Duty-cycle windows (why scheduling beats “more battery”)
- Sensing window: short and predictable; powers only what is needed to collect and pre-check.
- Upload window: expensive radio time; batch records and bound retries to minimize tail energy.
- Maintenance window: infrequent; only allowed when energy/thermal/network gates are satisfied (logs/updates).
Average current model (for validation): I_avg ≈ Σ(I_state × t_state) / T.
The goal is to keep TRANSMIT short and infrequent by batching, and keep unexpected wakeups near zero by gating.
State machine checklist (entry/exit/timeout + observability)
| State | Entry | Exit | Timeout + current bucket | Must log |
|---|---|---|---|---|
| SLEEP | no pending work; gates satisfied | wake source triggers | indefinite; ~µA | wake reason + timestamp |
| SENSE | timer tick; join window | records collected or budget reached | bounded; mA | scan/connect attempts |
| AGGREGATE | new data queued | batch formed; watermark reached | bounded; mA | queue depth + watermark |
| TRANSMIT | upload window; energy OK | sent or retry budget exhausted | strict; burst | outage time + retries |
| CONFIRM | ACK or brownout warning | commit markers written | bounded; mA | last-ack + commit ID |
| MAINTENANCE | manual/charger; gates pass | task done; time budget hit | strict; burst | gates + outcome |
Verification checklist (quick, practical)
- Log wake reasons and state transitions; confirm unexpected wakeups are near zero during idle.

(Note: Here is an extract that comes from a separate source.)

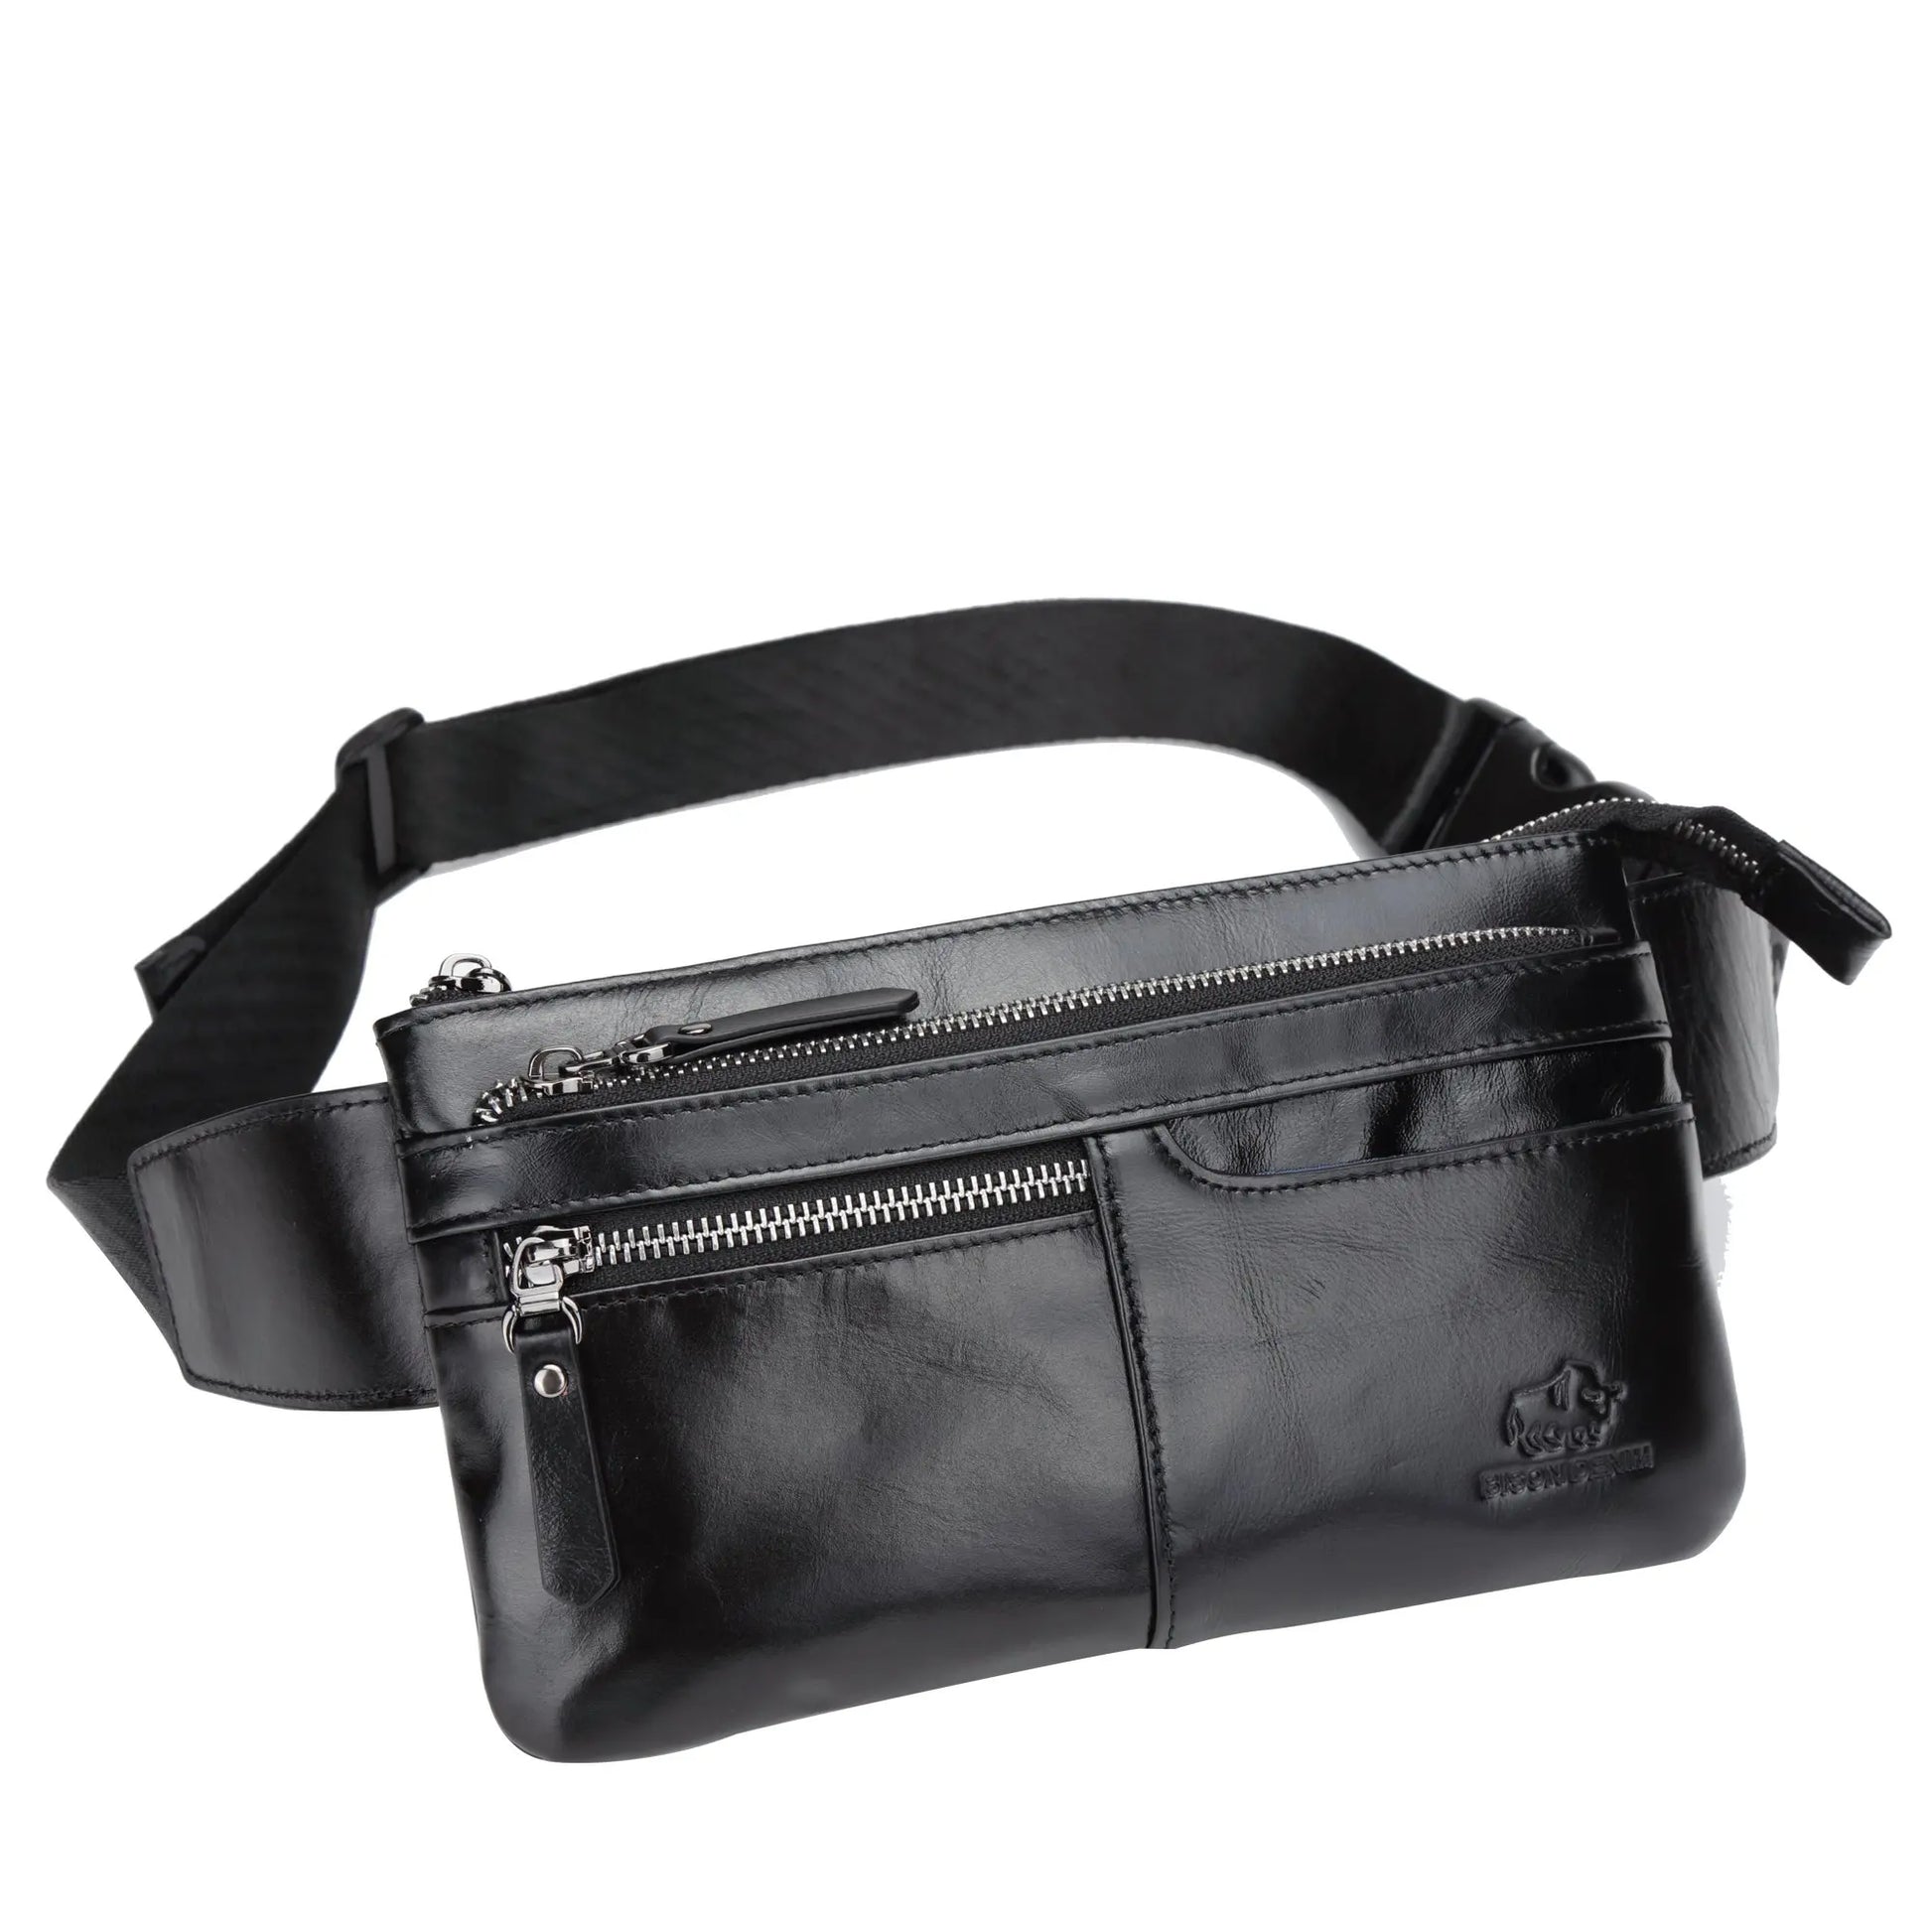 BISON DENIM Leather Waist Bag Cell Phone Bags Men Women Travel Bag Retro Chest Purse Lightweight Casual Shoulder Bag

- Measure state currents and dwell times; reconcile with the average-current model (I_avg).
- Force uplink outage; verify buffering continues without raising average power uncontrollably.
- Run brownout tests; confirm pre-warning triggers flush/commit before reset.
H2-4 · ULP PMIC & Power Tree (rails, retention, sequencing)
Engineering takeaway
The power tree is not just “power delivery.” It is a domain control system that ensures only the required rails are on at the right time.
The critical retention path (AON + monitoring + minimal state) must be independent and verifiable. Sequencing with PG/EN must protect
data consistency during both normal shutdown and brownout events.
Multi-rail domains (domain → typical loads → power-off consequence)
- AON: RTC, wake arbiter, voltage monitor. Off = cannot wake or record last state.
- MCU: main compute. Off = cold restart; retention optional depending on boot time budget.
- RADIO: BLE/Wi-Fi/cellular. Off = no uplink; must be hard-gated to eliminate idle tail.
- SENSOR: sensor and front-end rails. Off = no sampling; best controlled by sensing windows.
- STORAGE: flash/spool and metadata. Off during write = corruption risk; must follow sequencing rules.
Boundary: isolation/leakage standards are handled on the dedicated PSU & Isolation page.
Power components (role → why it matters)
- Buck vs LDO: select by light-load efficiency and noise needs; light-load behavior dominates average power in 24/7 systems.
- Load switch: enforces domain off, reduces leakage, limits inrush, and prevents “half-on” failure modes.
- Ideal diode / OR-ing: enables seamless switchover between main input and hold-up source with low drop and no backfeed.
- Fuel gauge (if battery present): enables gating (allow maintenance windows only when energy margin is safe).
- PG/EN signals: turn power sequencing into a hardware-enforced dependency graph (no guessing in firmware).
Sequencing & data consistency (why PG/EN is part of reliability)
- Power-up: AON → MCU → STORAGE → RADIO. Reason: record state first, then safely write, then connect.
- Power-down: stop RADIO → flush STORAGE → enter safe shutdown. Reason: avoid high radio peaks during writes.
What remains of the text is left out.